- Work item:
Copy the data exactly from the line that contains "Alternate Image 1" through the line that contains "Telwin - Paquete", keeping both end lines and leaving out everything else.

- Entries supplied:
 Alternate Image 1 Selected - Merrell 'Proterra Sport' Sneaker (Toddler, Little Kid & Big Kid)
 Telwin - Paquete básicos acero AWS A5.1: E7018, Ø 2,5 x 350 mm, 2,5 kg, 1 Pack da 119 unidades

---

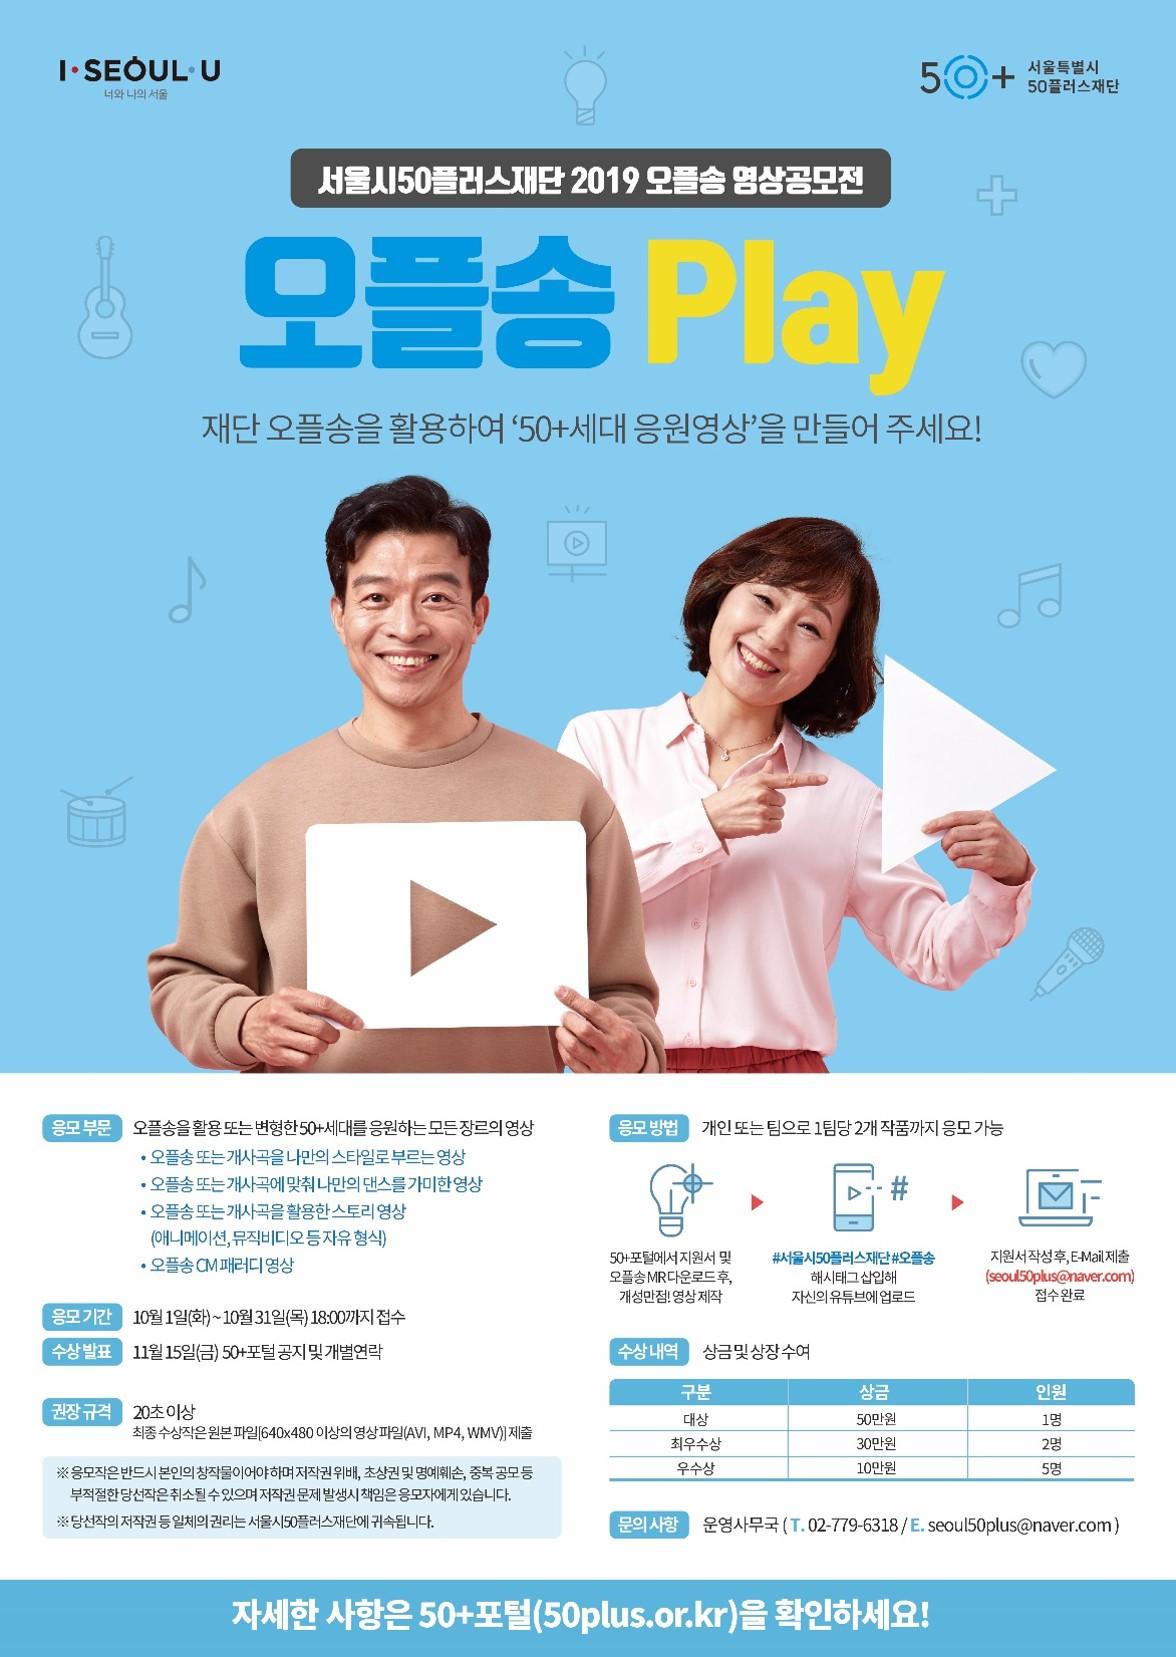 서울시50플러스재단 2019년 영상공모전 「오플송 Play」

- Written answer:
 Alternate Image 1 Selected - Merrell 'Proterra Sport' Sneaker (Toddler, Little Kid & Big Kid)
 Telwin - Paquete básicos acero AWS A5.1: E7018, Ø 2,5 x 350 mm, 2,5 kg, 1 Pack da 119 unidades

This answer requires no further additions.